### Data excerpt

■ ■ ■ ■

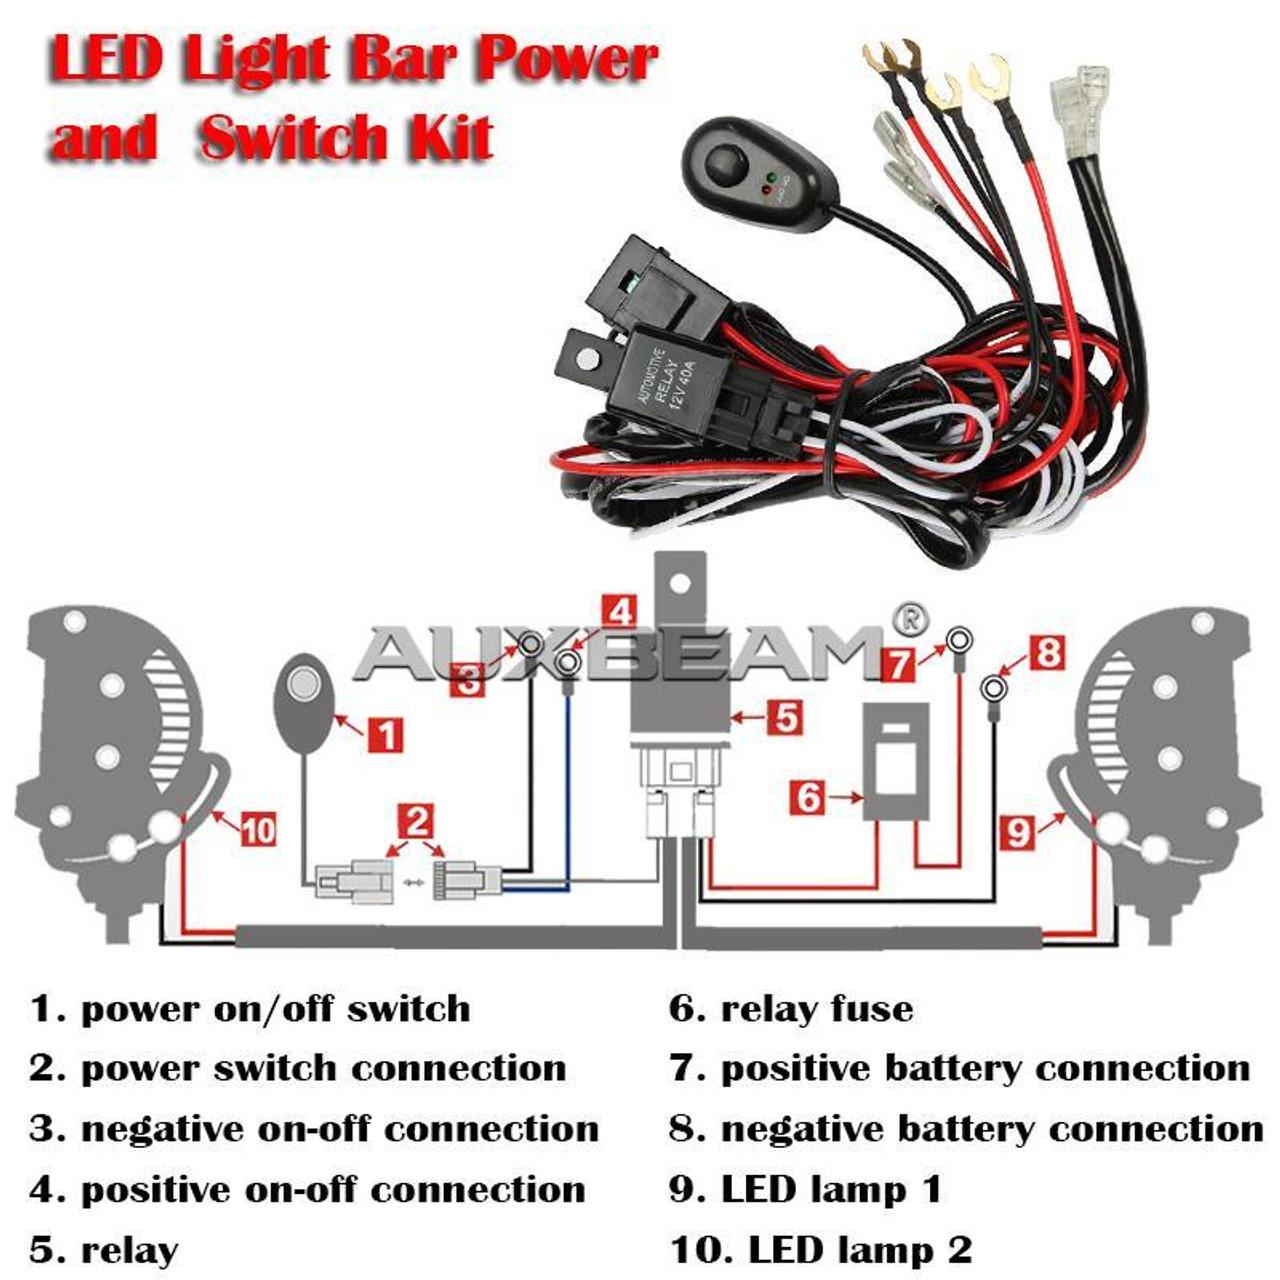 small resolution of 12v 40a led light bar wiring harness kit dual lights 12v 40a led light bar
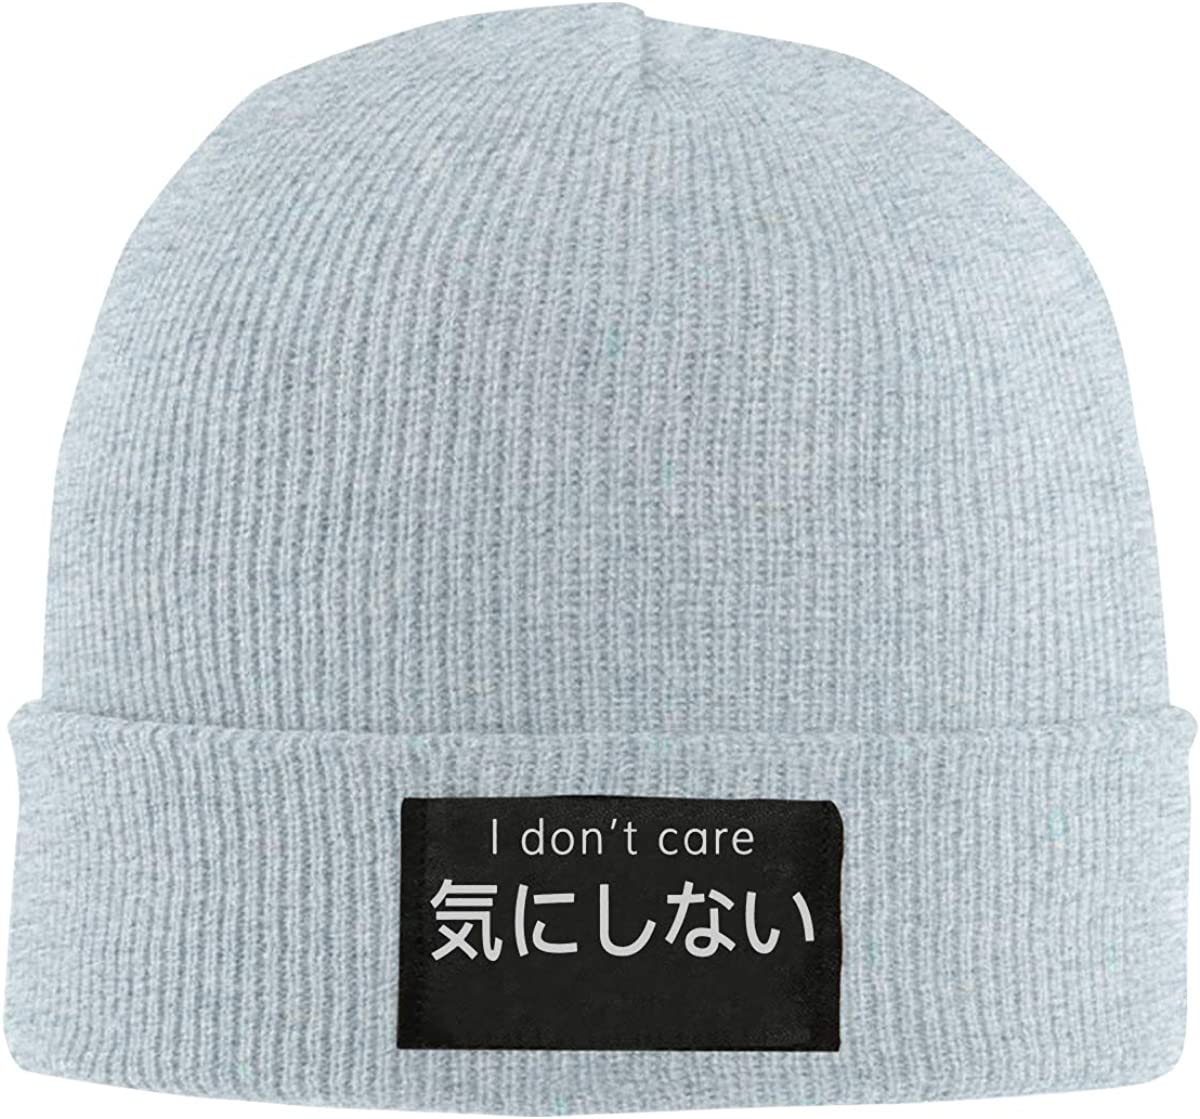 Men Women I Dont Care Skull Hat Beanie Cap Winter Knit Hat Cap
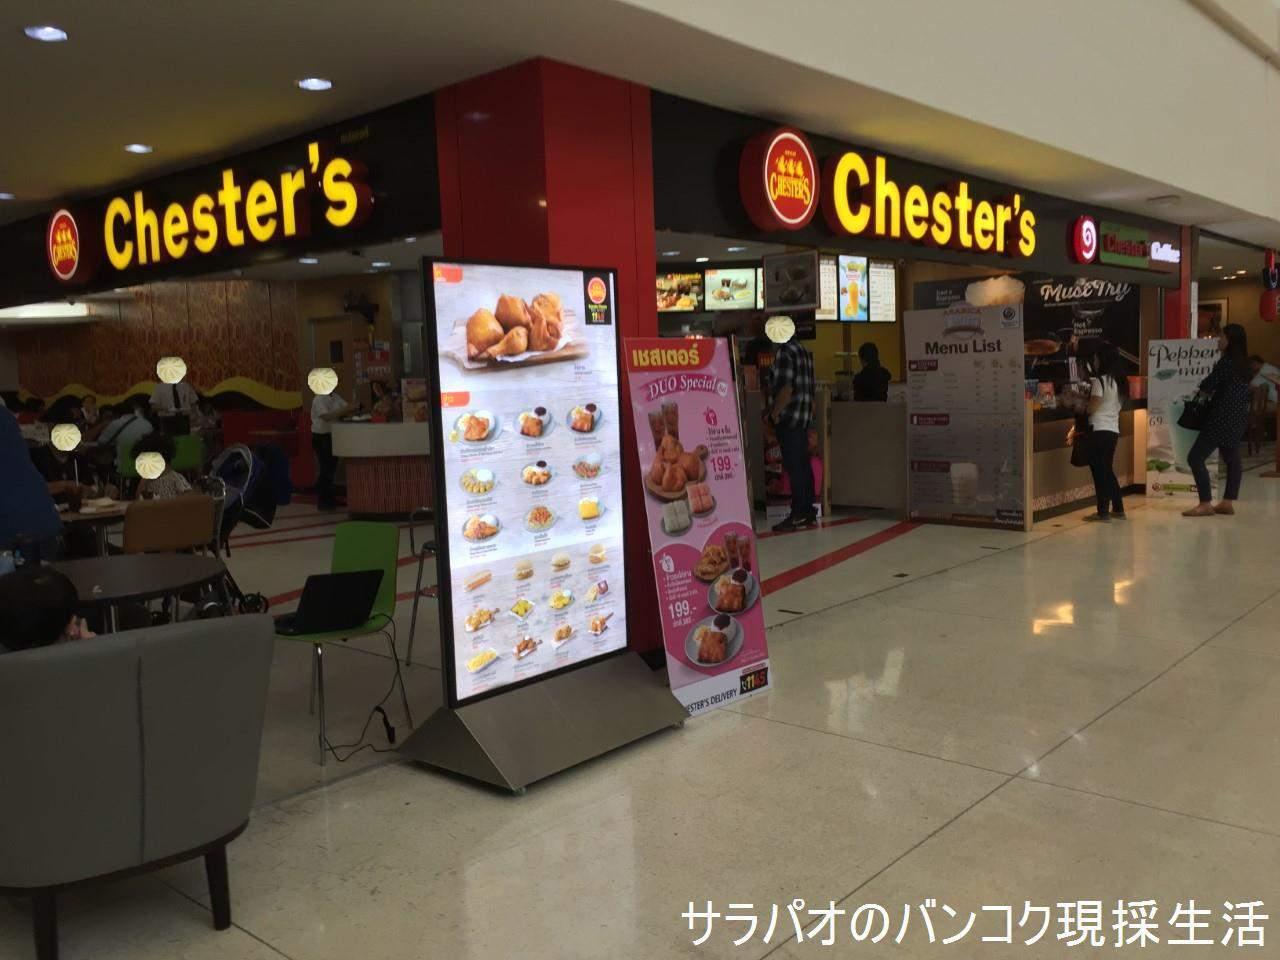 ChestersImmigration_01.jpg
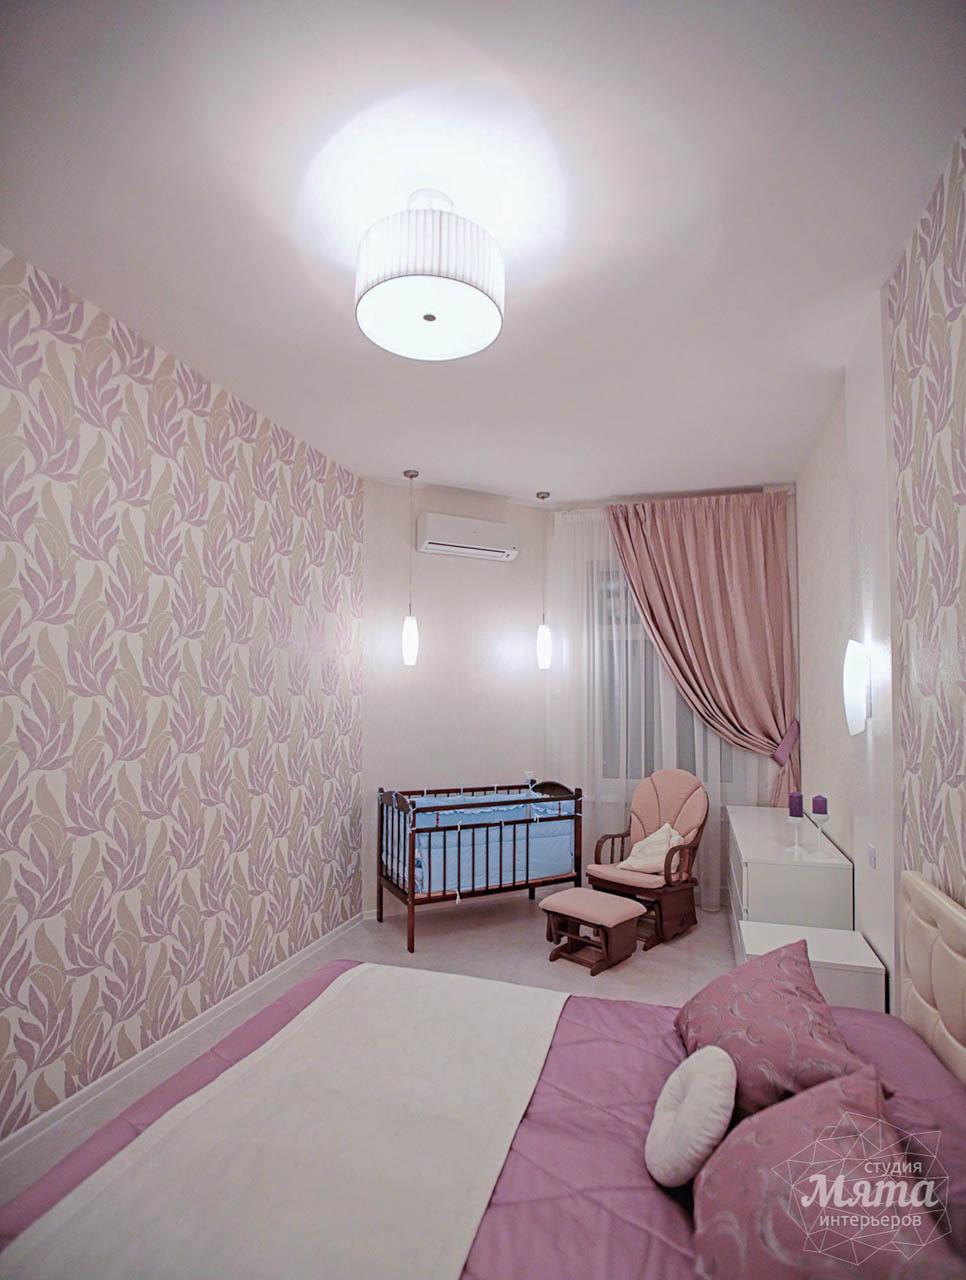 Дизайн интерьера и ремонт трехкомнатной квартиры по ул. Чкалова 124 23

■ ■ ■ ■

### Task requirements
What is needed is the whole listing again, exactly as written, with the images left out.

### Exercise output
 small resolution of 12v 40a led light bar wiring harness kit dual lights 12v 40a led light bar
 Men Women I Dont Care Skull Hat Beanie Cap Winter Knit Hat Cap
 ChestersImmigration_01.jpg
 Дизайн интерьера и ремонт трехкомнатной квартиры по ул. Чкалова 124 23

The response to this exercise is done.